Starmer’s ‘corrosive complacency’ on defence has put UK in peril, says ex-Nato chief | Defence policy


The government has shown a “corrosive complacency towards defence” and put the UK in peril, according to a government adviser, in fierce criticism of Keir Starmer’s military policy.

George Robertson, the former Nato secretary general and author of the government’s strategic defence review, believes Starmer is “not willing to make the necessary investment”, the Financial Times reported.

In addition, Lord Robertson will warn in a lecture in Salisbury on Tuesday that the Iran war “has to be a rude wake-up call”.

The former general Richard Barrons, who co-authored the defence review with Robertson, echoed his concerns. “It is a mark of how serious it is that someone who has been a Labour party activist for more than 60 years and was a Nato secretary general has now had to say it in these terms today,” Barrons told BBC Radio 4’s Today programme.

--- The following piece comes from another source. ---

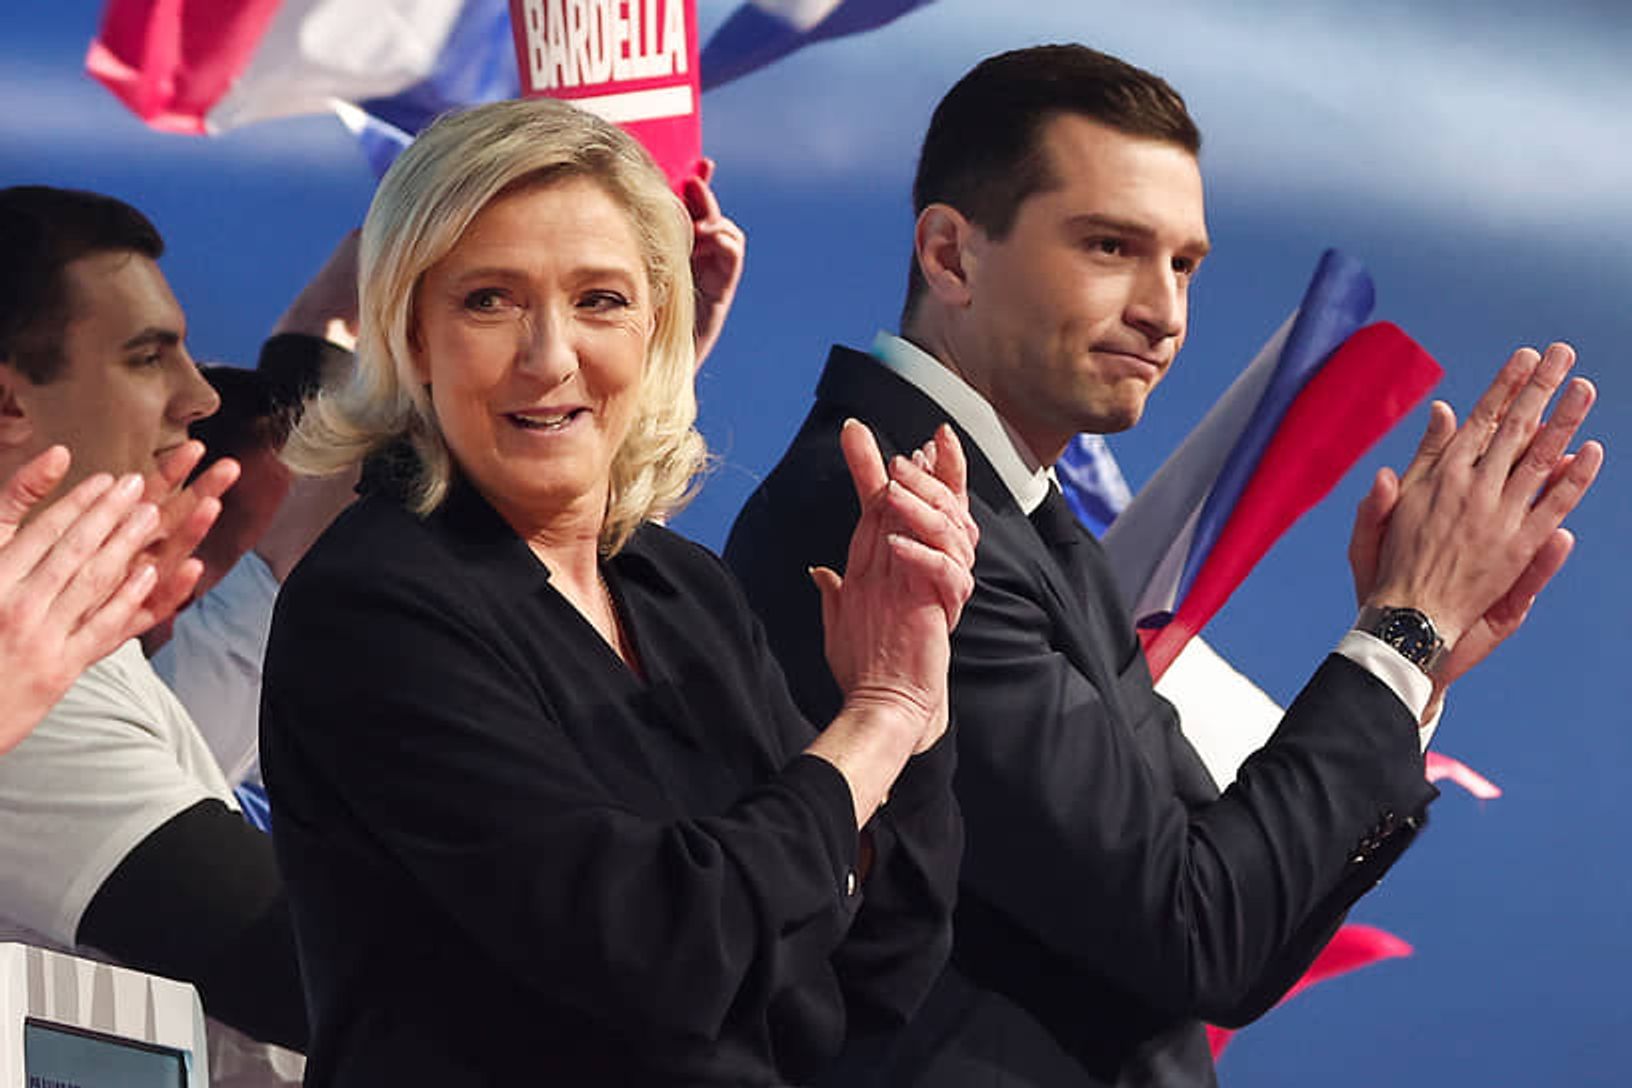  Марин Ле Пен и Жордан Барделла после выборов в Европарламент

Robertson, a former defence secretary who led Nato from 1999 to 2003, will also accuse “non-military experts in the Treasury” of “vandalism”. “We cannot defend Britain with an ever-expanding welfare budget,” he said in an interview with the Financial Times.

He will say in his speech: “We are underprepared. We are underinsured. We are under attack. We are not safe … Britain’s national security and safety is in peril.”

Barrons said: “There’s an enormous gap between where we have to be to keep the country safe in the world we now live in, and where we actually are.”

Asked how he responded to Pete Hegseth, the US defence secretary, mocking the Royal Navy last week, Barrons said: “I hung my head in sorrow, but I couldn’t argue with him because although the Royal Navy and the Royal Air Force and the army are, in their bones, outstanding institutions, they are simply too small and too undernourished to deal with the world that we now live in. And the review says this.”

The government’s proposals to fund the strategic defence review recommendations, including a 10-year defence investment plan due by last autumn, have been repeatedly postponed amid warnings that the military faces a £28bn funding gap over the next four years.

Barrons said: “The choice on the prime minister’s desk is they either find some more money to implement a new de minimis review at the speed we agreed last year, or he is going to announce £28bn worth of cuts. And how would that fit with the world that we find ourselves in today?”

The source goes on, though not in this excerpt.